*** DATASET EXCERPT ***
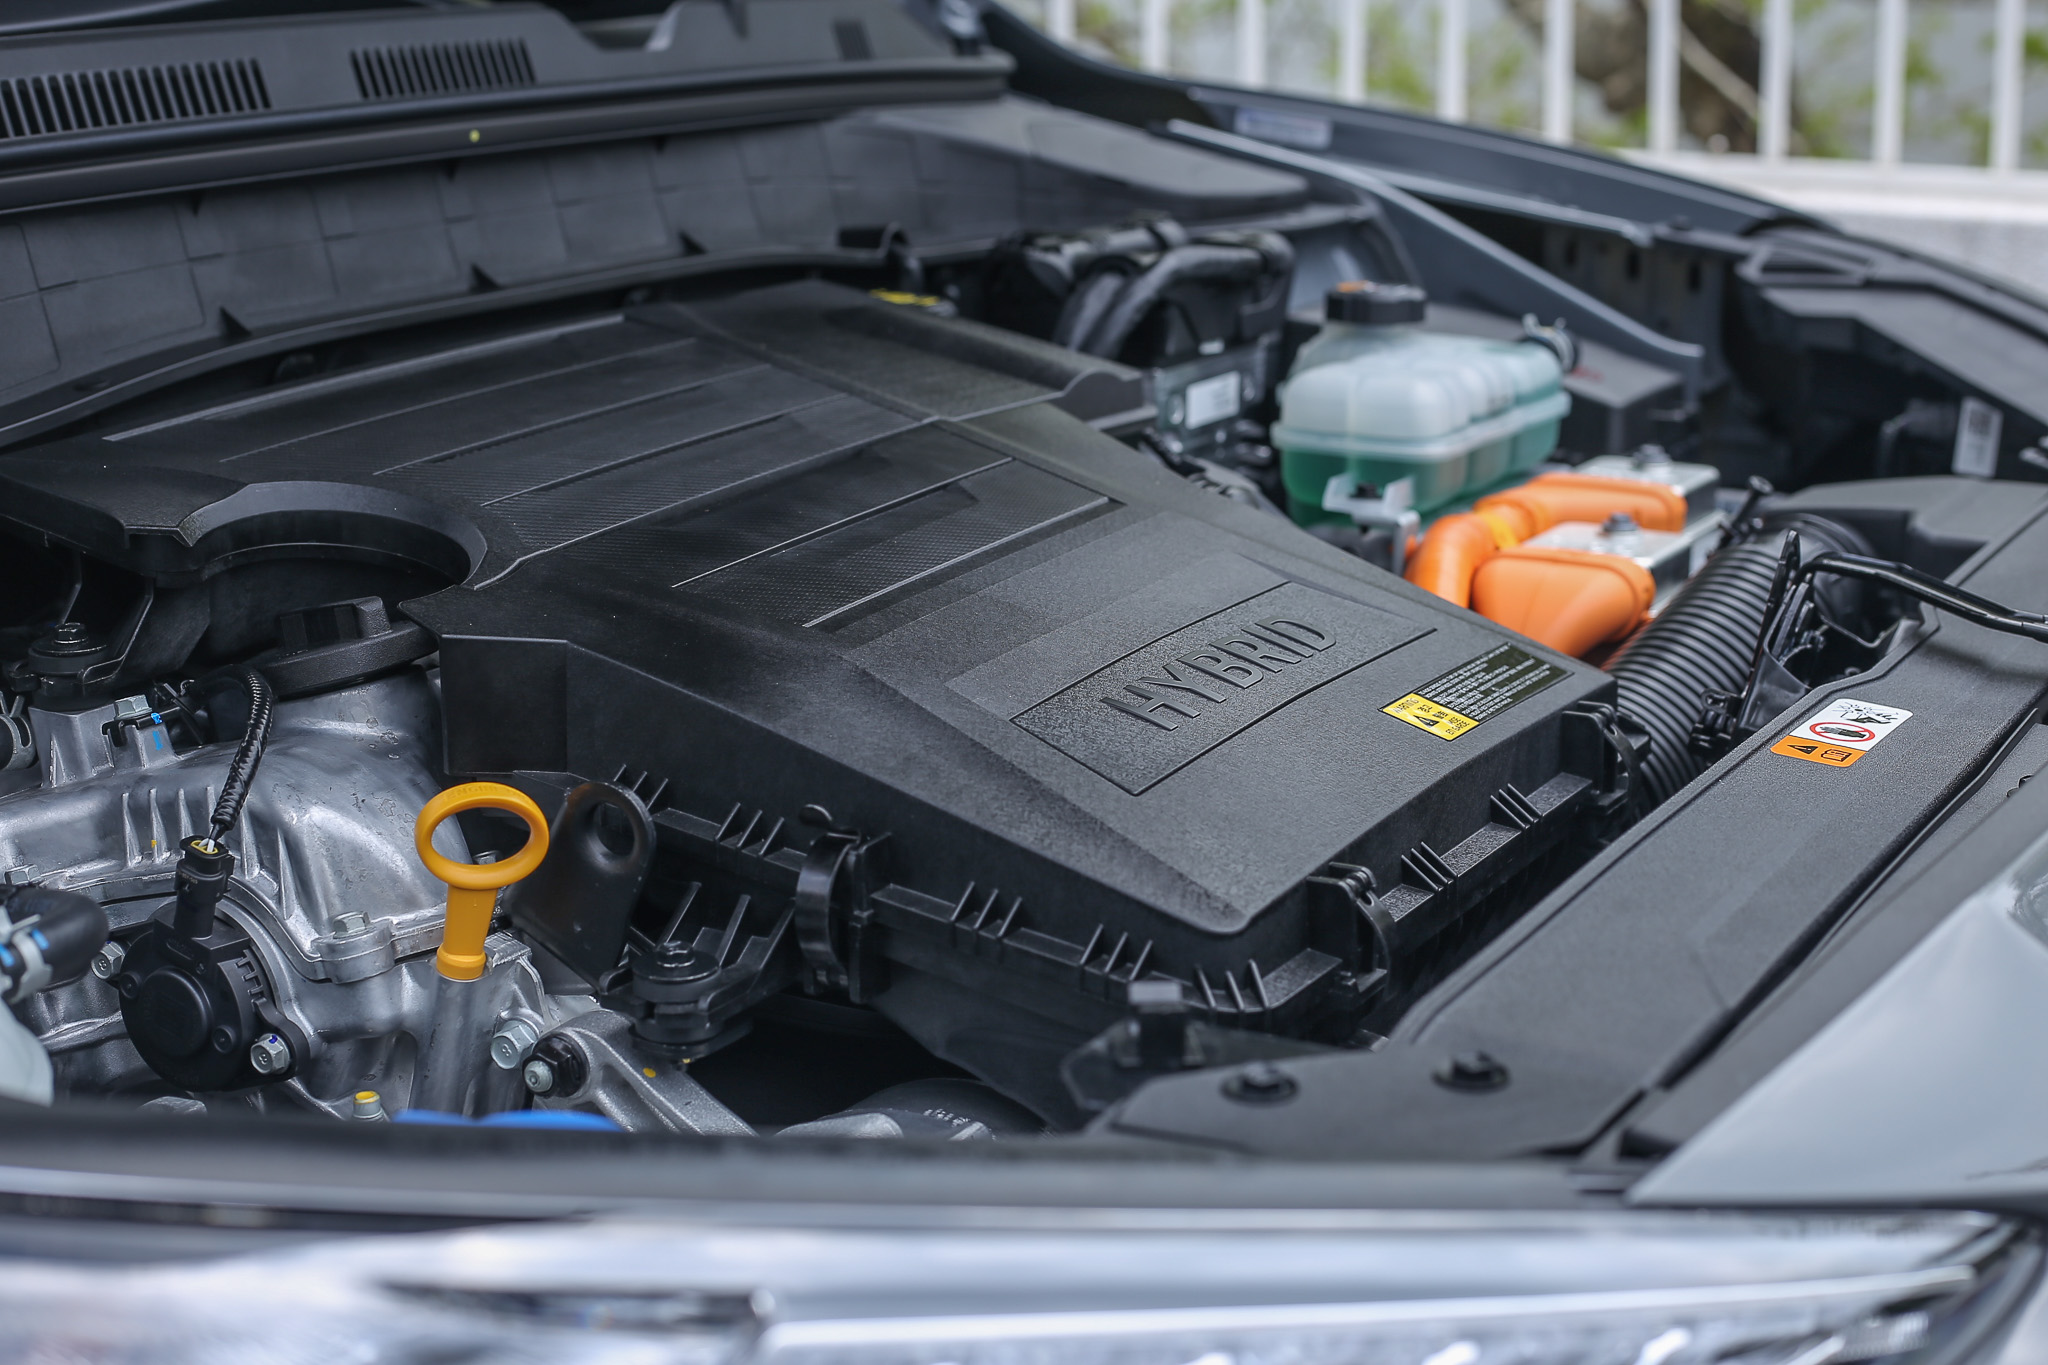 動力系統以直列四缸 1.6 升 Atkinson 循環汽油引擎為主，搭配採用鋰離子電池與電動馬達為主的電力驅動機構，最大綜效馬力為 141ps ，最大扭力為 27kgm。
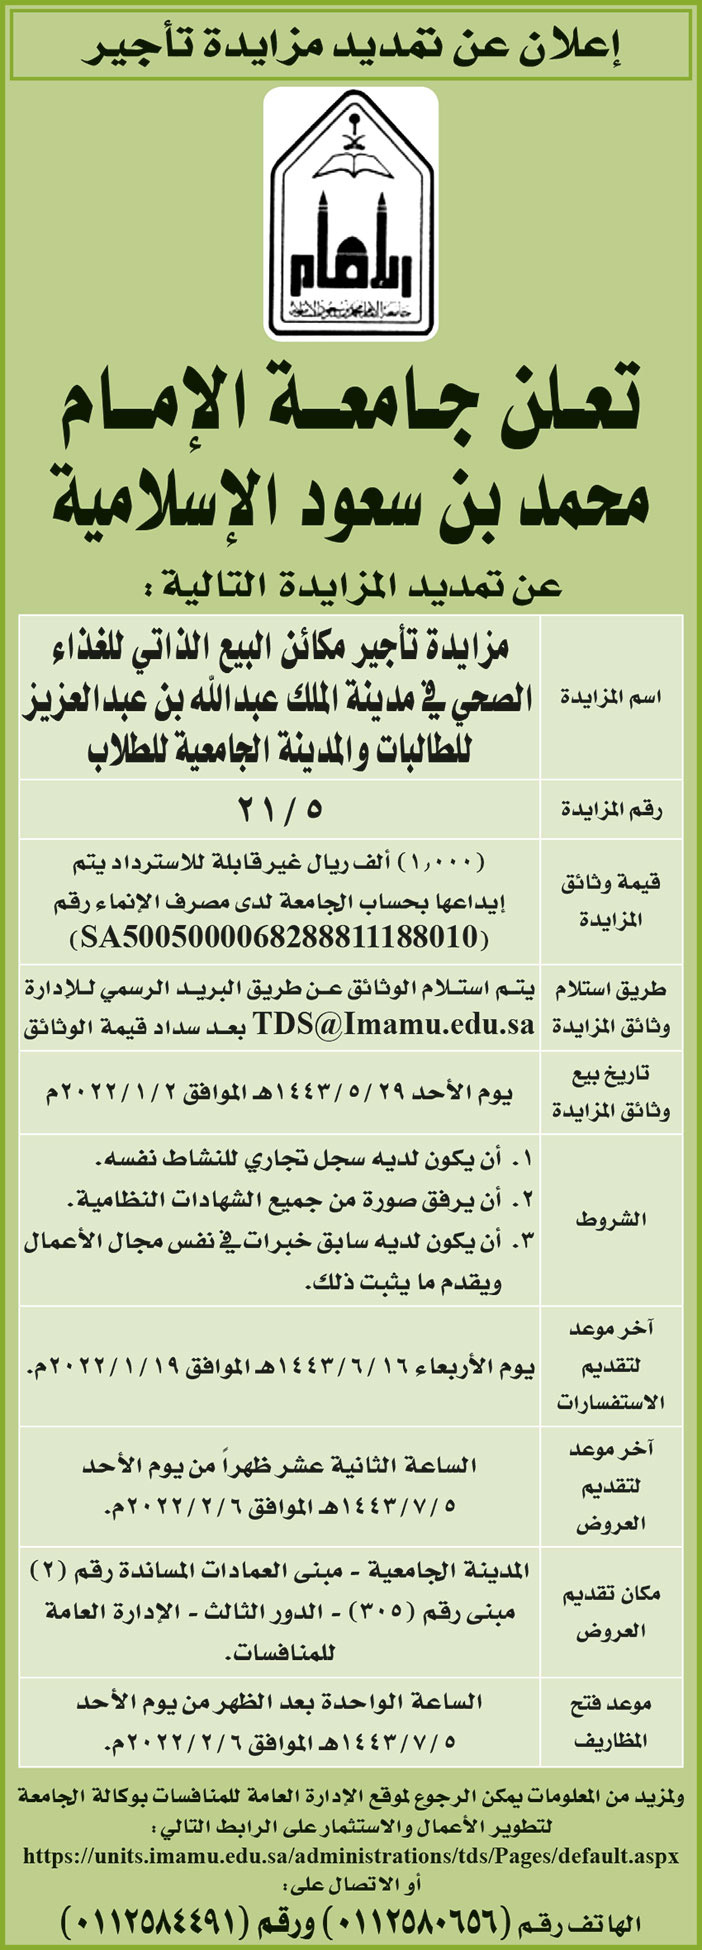 جامعة الإمام محمد بن سعود الإسلامية تمدد المزايدة لتأجير مكائن البيع الذاتي للغذاء الصحي في مدينة الملك عبدالله بن عبدالعزيز للطالبات والمدينة الجامعية للطلاب 
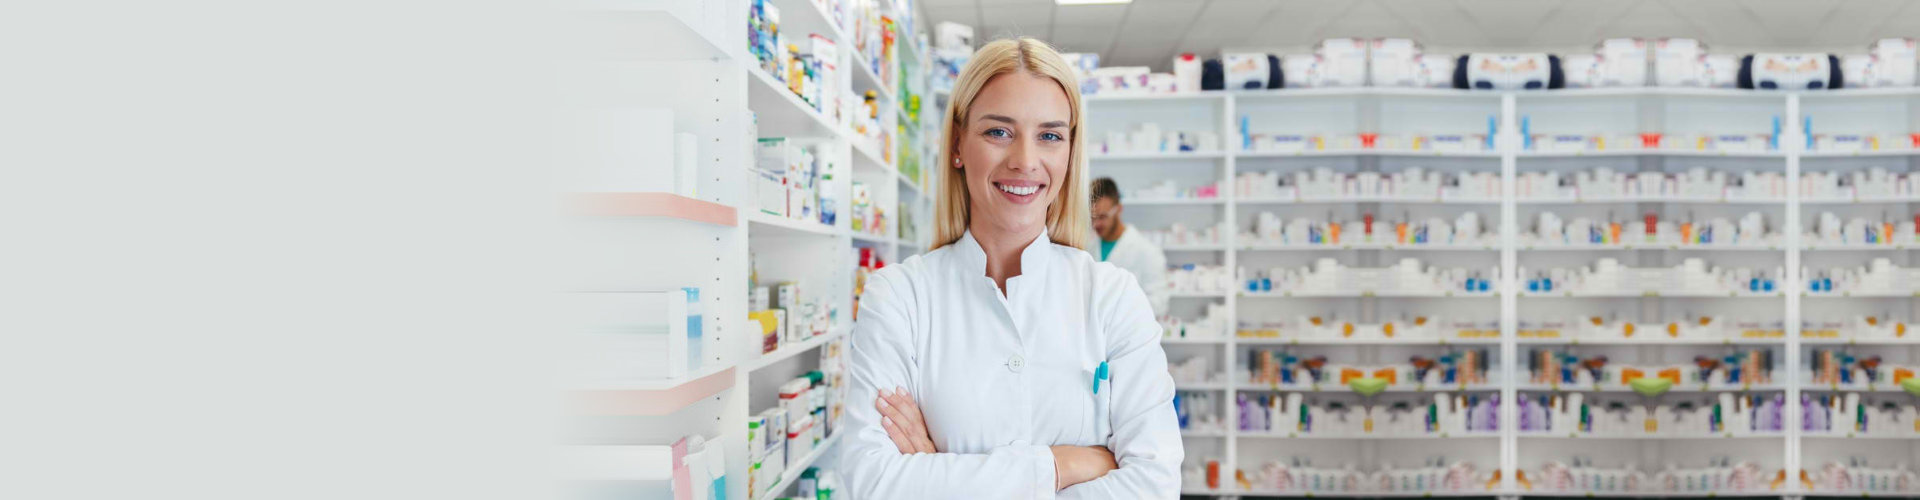 smiling pharmacist
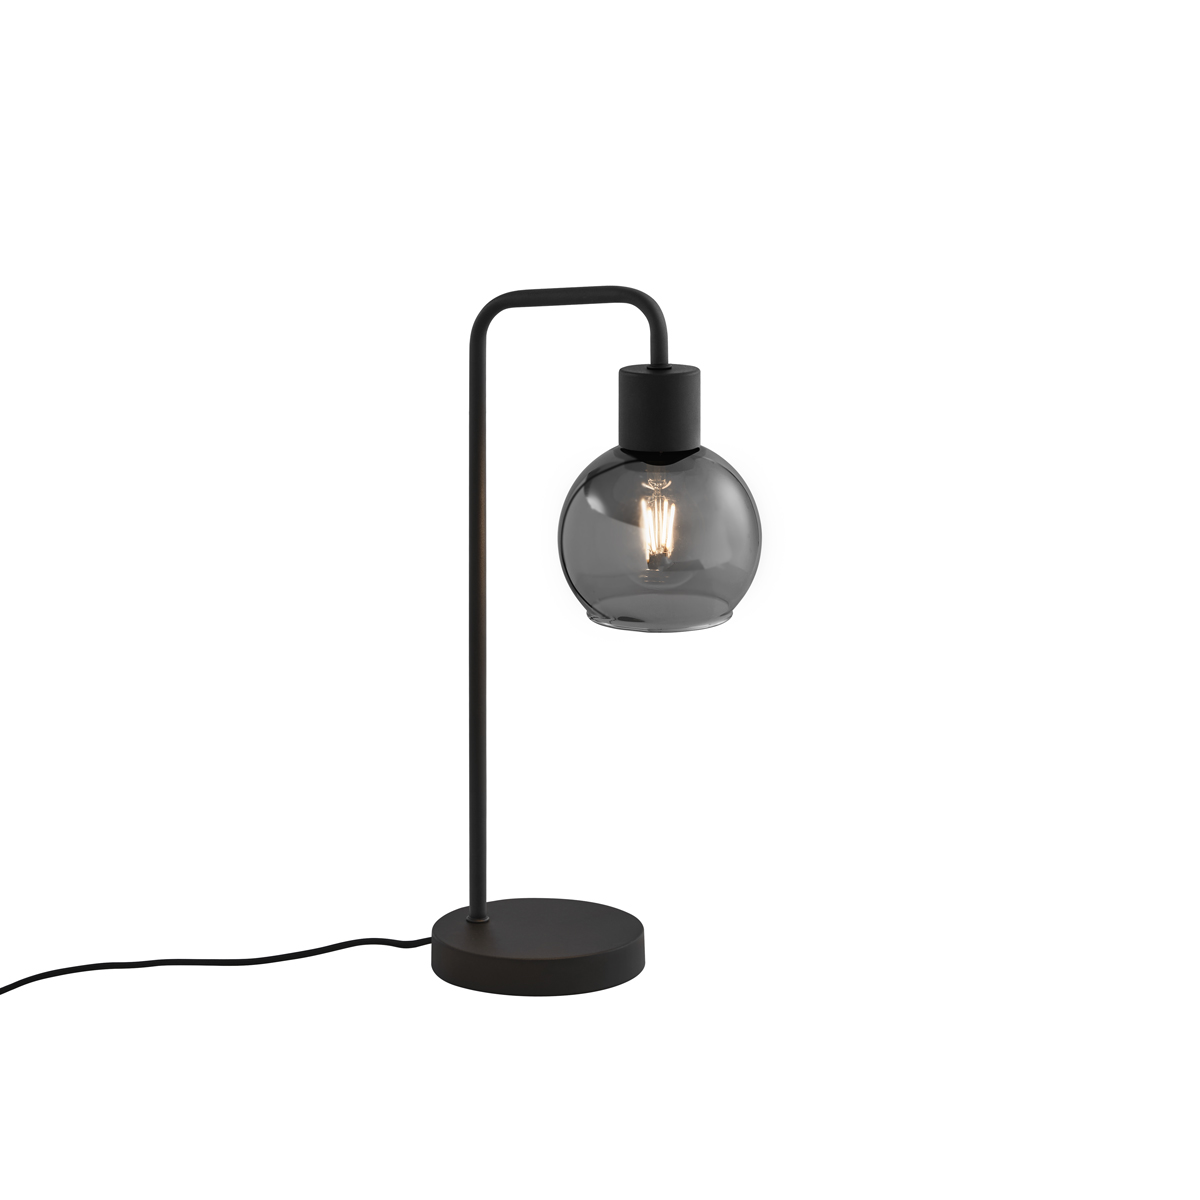 Art deco asztali lámpa fekete füstüveggel - Vidro
*** End of DATASET EXCERPT ***
■ **TRY IT**:
Only the lines from the line containing "جامعة الإمام محمد" through the end of the material should be retyped, exactly and in full, with no pictures.

■ **RESPONSE AREA**:
 جامعة الإمام محمد بن سعود الإسلامية تمدد المزايدة لتأجير مكائن البيع الذاتي للغذاء الصحي في مدينة الملك عبدالله بن عبدالعزيز للطالبات والمدينة الجامعية للطلاب 
 smiling pharmacist
 Art deco asztali lámpa fekete füstüveggel - Vidro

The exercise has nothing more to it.